I will admit that I'm more fond of the PPI Art series over any other O/S amp. 

Zach


----------



## quality_sound (Dec 25, 2005)

skylar112 said:


> Its funny how at this same time the same users that we converted from Soundstream amps to Rockford amps never had a problem since.



Weird, we ended up converting a lot of our RF guys to SS. Most notably we had a guy that has a MASSIVE hydralics system in his car and whenever he woudl use it and the system was on the voltage would drop soo far the RFs would smoke the power supply. Happened 4 times. Then we swpped him from Power 1000s to Rubi 1002s and life was all good.


----------



## Mooble (Oct 21, 2007)

Boostedrex said:


> I will admit that I'm more fond of the PPI Art series over any other O/S amp.


Oh god, don't get me started on PPI "art" series. Talk about ugly! What the hell were they thinking? Why would you allow a hideous 80's Patrick-Nagel-wannabe looking amp to even sit in your car?

Just kidding.  

Everyone has their preferences. I could never stomach the PPIs.


----------



## Mooble (Oct 21, 2007)

BTW Skylar, I'm not trying to say you're wrong. I think we all welcome your feedback. You present one side of the story, I present the other. I'm not saying you're wrong, but my experience is diametrically opposed to yours. People can make up their own minds.


----------



## WRX/Z28 (Feb 21, 2008)

Can anyone who constantly had failures spell out exactly what failed each and every time? Was it the same failure over and over again? or was it a different failure each time? If I remember what soundstream did correctly, they generally would repair the amplifier, and the store would end up with it again with a clean bill of health. Most things that go through that kind of repair had the problem explained on the workorder. Just wondering what the cause was.


----------



## GlasSman (Nov 14, 2006)

Mooble said:


> Oh god, don't get me started on PPI "art" series. Talk about ugly! What the hell were they thinking? Why would you allow a hideous 80's Patrick-Nagel-wannabe looking amp to even sit in your car?
> 
> Just kidding.
> 
> Everyone has their preferences. I could never stomach the PPIs.

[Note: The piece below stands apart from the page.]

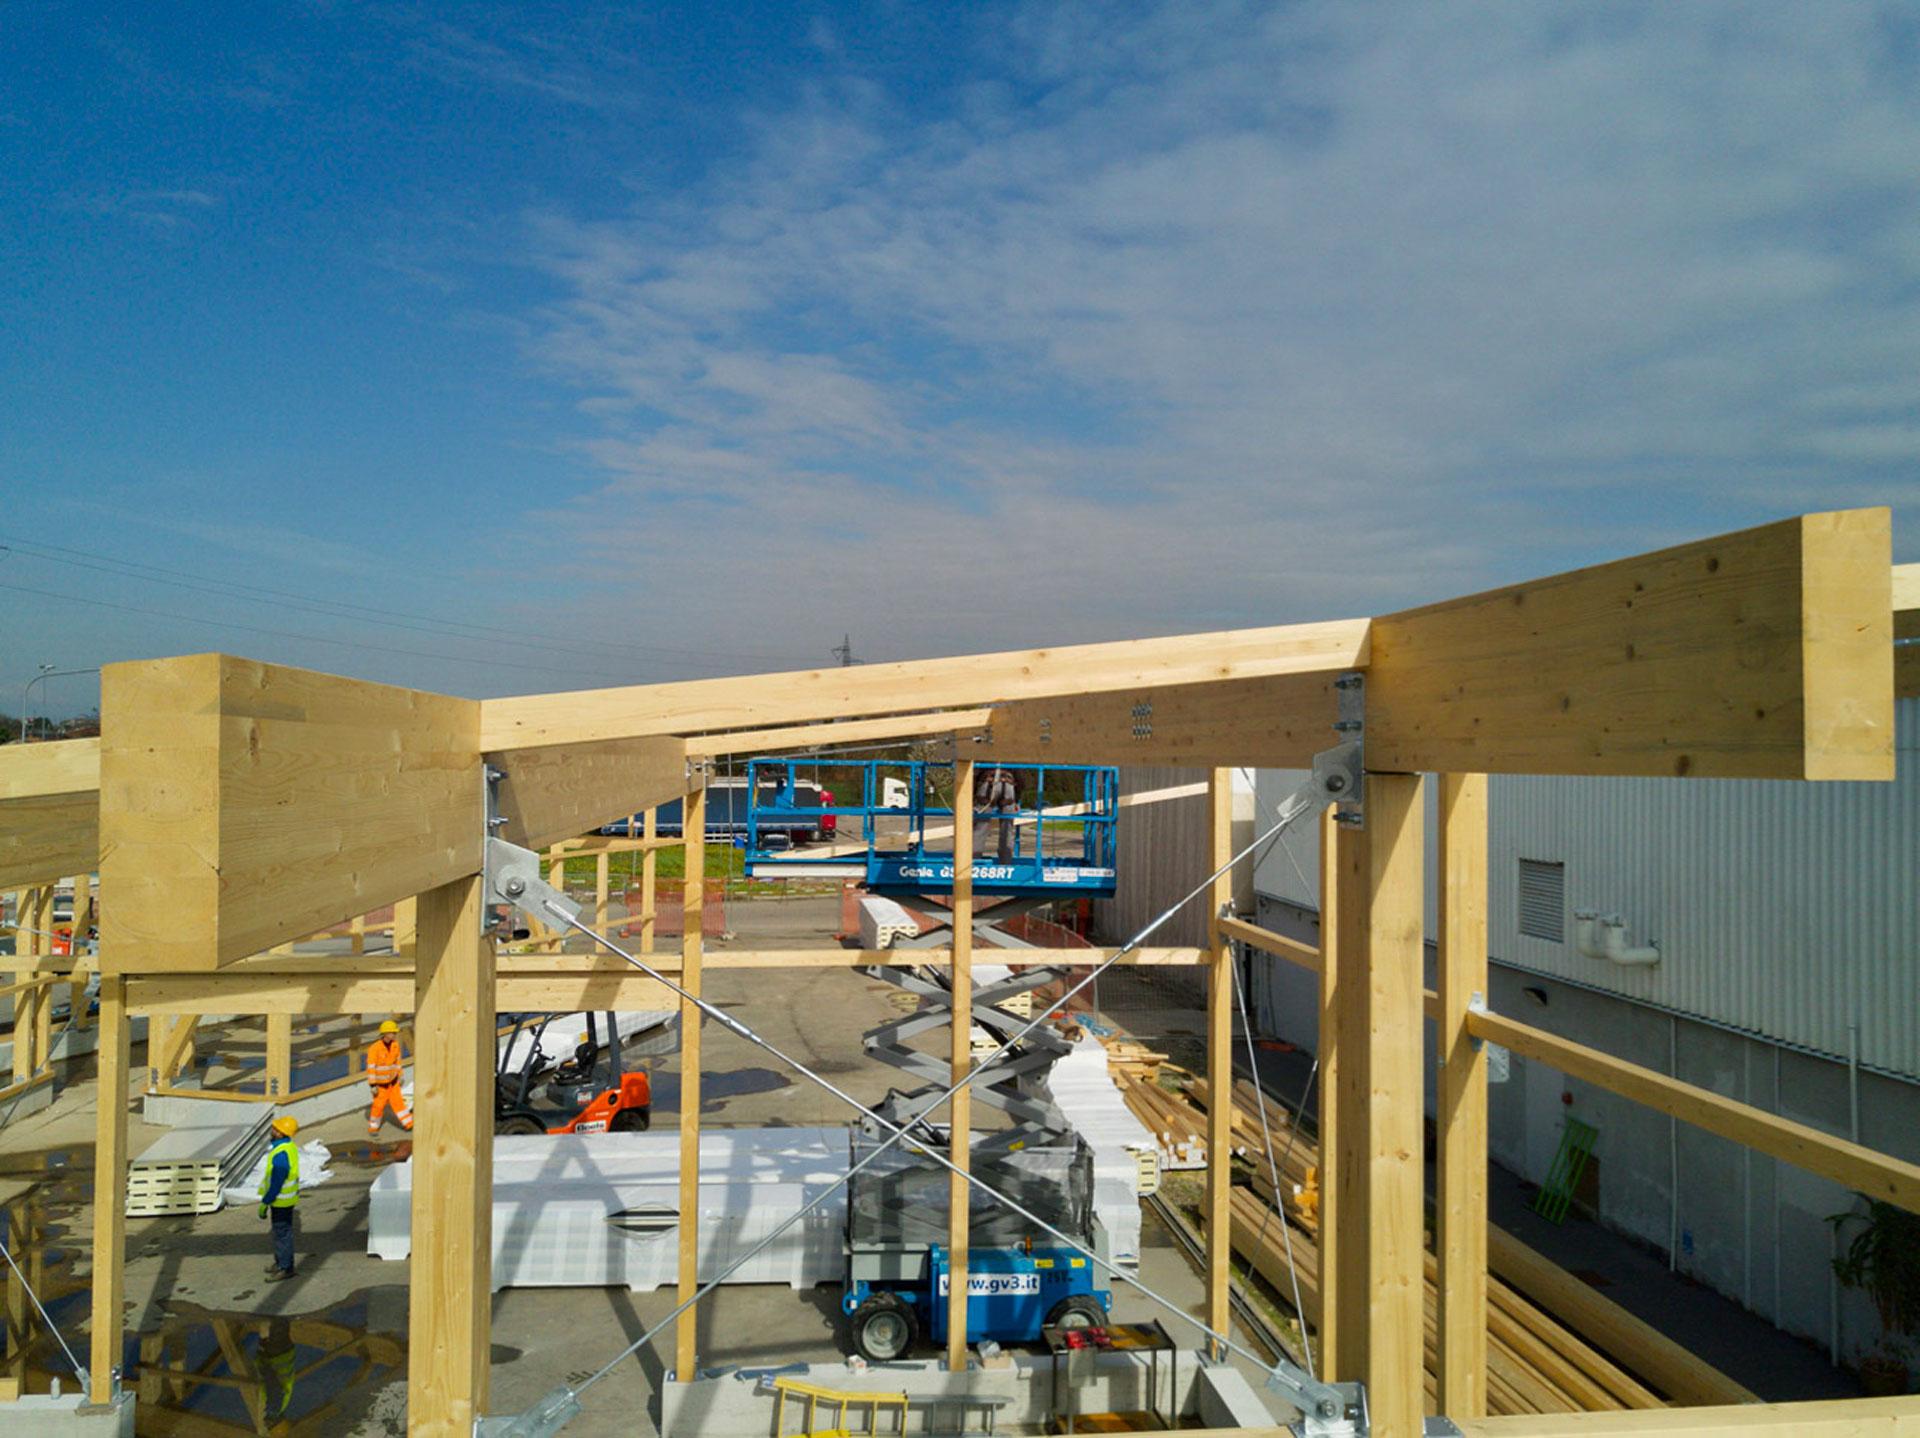 esperienza drone immagine aerea portfolio cantiere architettura milano studio gdmp costruzione magazzino sei 1.jpg

Yeah I never did like all those flourescent colored Ocean PAcific inspired graphics.

I had shorts with the same graphics as those Art Series.:blush:

It's like they had L.A. Sounds or Urban Audioworks do the cosmetic design. 

Those Black on Black arts are nice.


----------



## GlasSman (Nov 14, 2006)

WRX/Z28 said:


> Can anyone who constantly had failures spell out exactly what failed each and every time? Was it the same failure over and over again? or was it a different failure each time? If I remember what soundstream did correctly, they generally would repair the amplifier, and the store would end up with it again with a clean bill of health. Most things that go through that kind of repair had the problem explained on the workorder. Just wondering what the cause was.

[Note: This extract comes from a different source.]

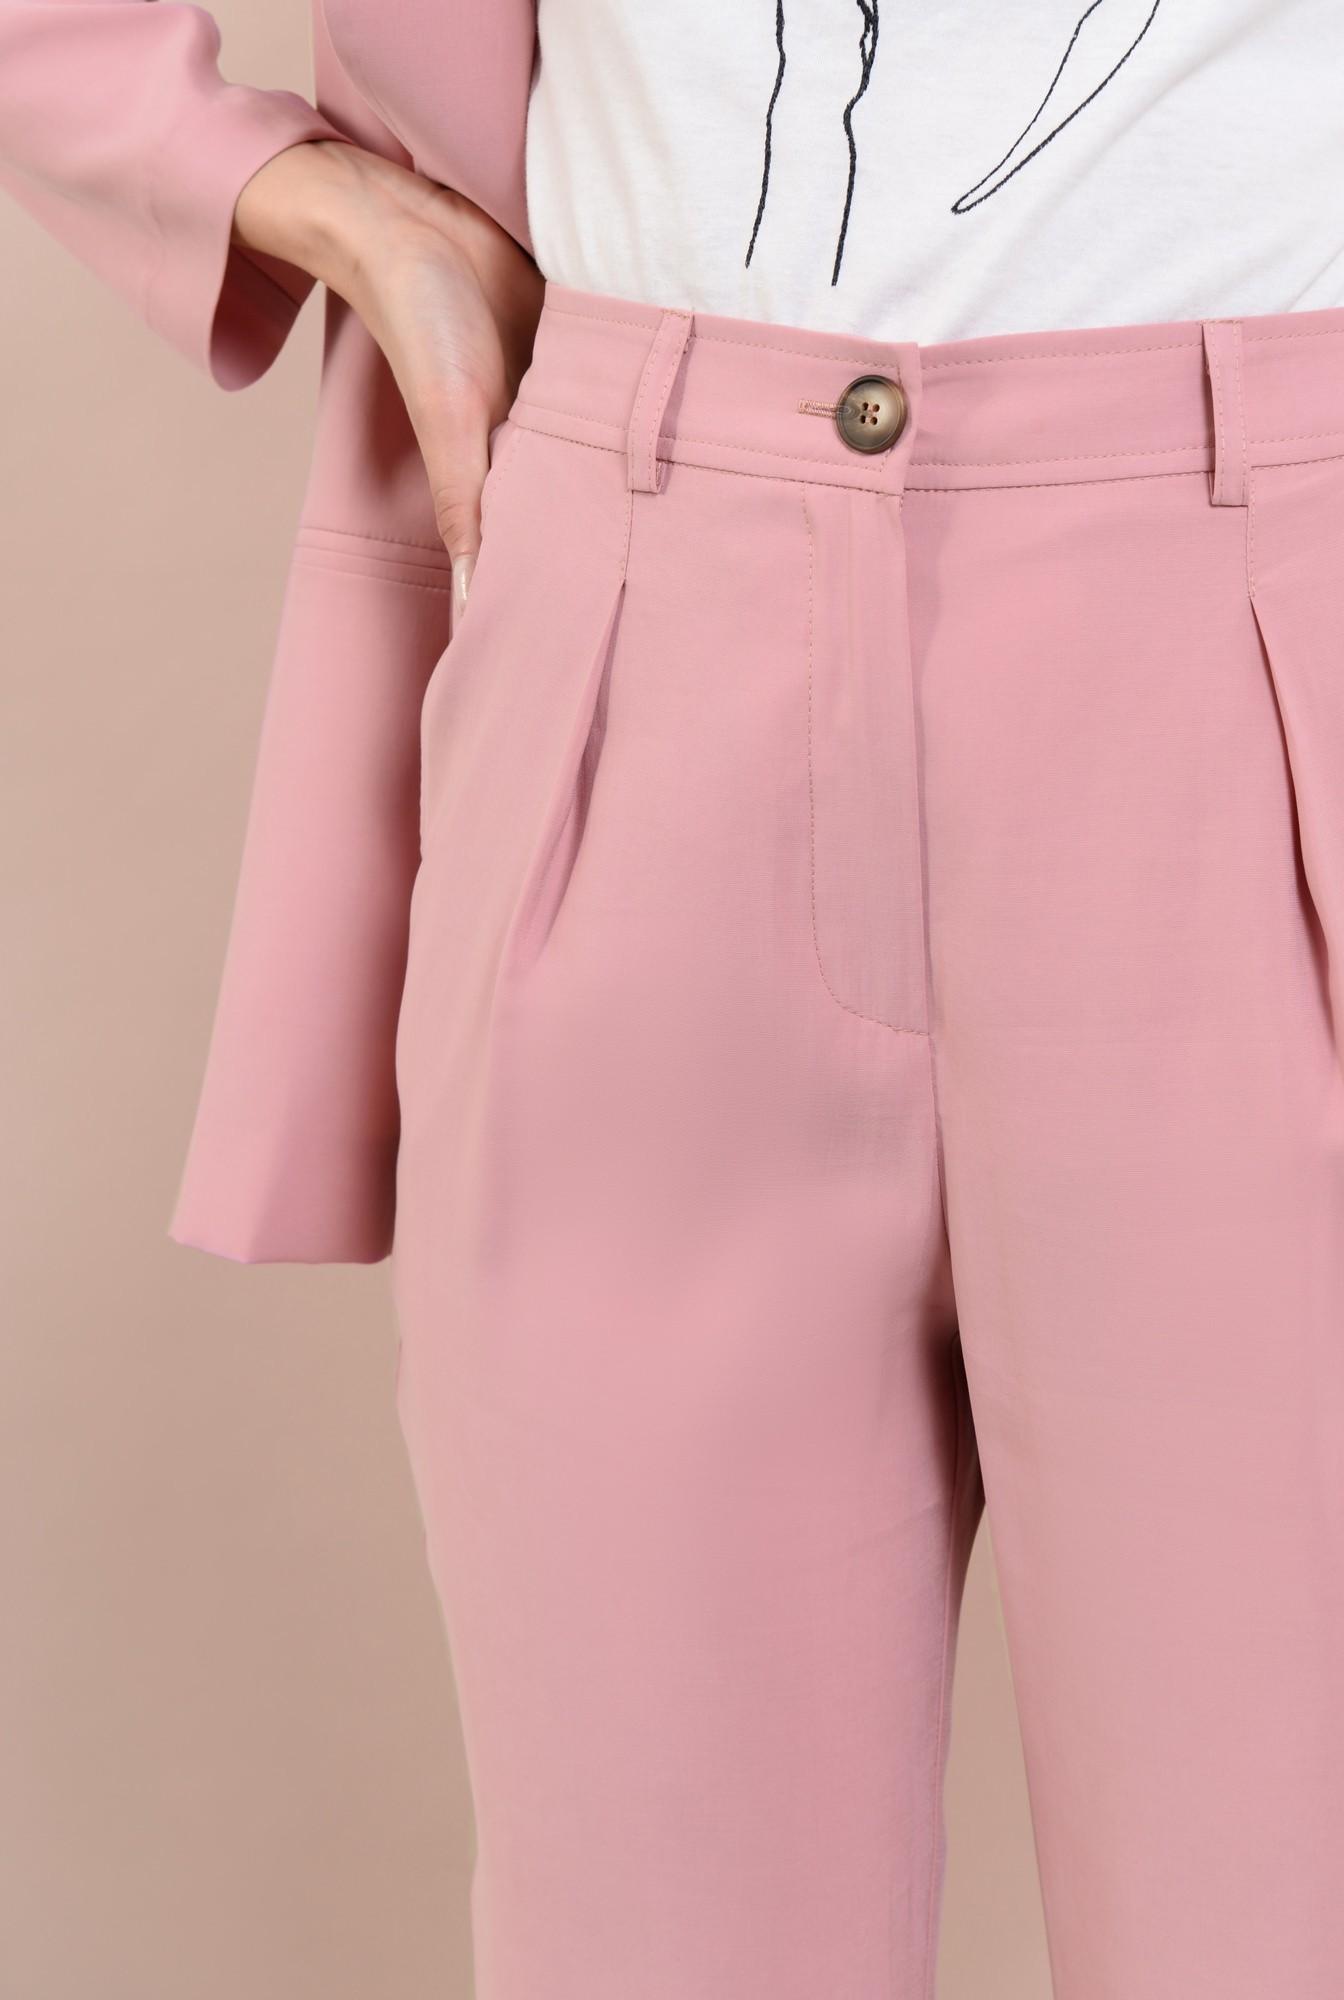 2 -  pantaloni casual, roz, conici, cu pense, cu buzunare

Most of what I experienced was the power supply failure problem.

That was due to the overseas supplier skimping on the parts quality...they used cheaper *PART C *instead of higher quality* PART A*.....cutting corners to save money....and probably only a few pennies on each unit.

It was the Auto switching supply which would get stuck in either the wrong position or switch back and forth letting out the _*smoke*_.:blush:


----------



## quality_sound (Dec 25, 2005)

WRX/Z28 said:


> Can anyone who constantly had failures spell out exactly what failed each and every time? Was it the same failure over and over again? or was it a different failure each time? If I remember what soundstream did correctly, they generally would repair the amplifier, and the store would end up with it again with a clean bill of health. Most things that go through that kind of repair had the problem explained on the workorder. Just wondering what the cause was.



99% of the time it was the power supply as GlasSman says. That's one of the reasons all production moved to the Folsom facility with the start of the Rubicon line. It's also one of the reasons they went under. They became too expensive to make and maintin the QC of.


----------



## Boostedrex (Apr 4, 2007)

Mooble said:


> Oh god, don't get me started on PPI "art" series. Talk about ugly! What the hell were they thinking? Why would you allow a hideous 80's Patrick-Nagel-wannabe looking amp to even sit in your car?
> 
> Just kidding.
> 
> Everyone has their preferences. I could never stomach the PPIs.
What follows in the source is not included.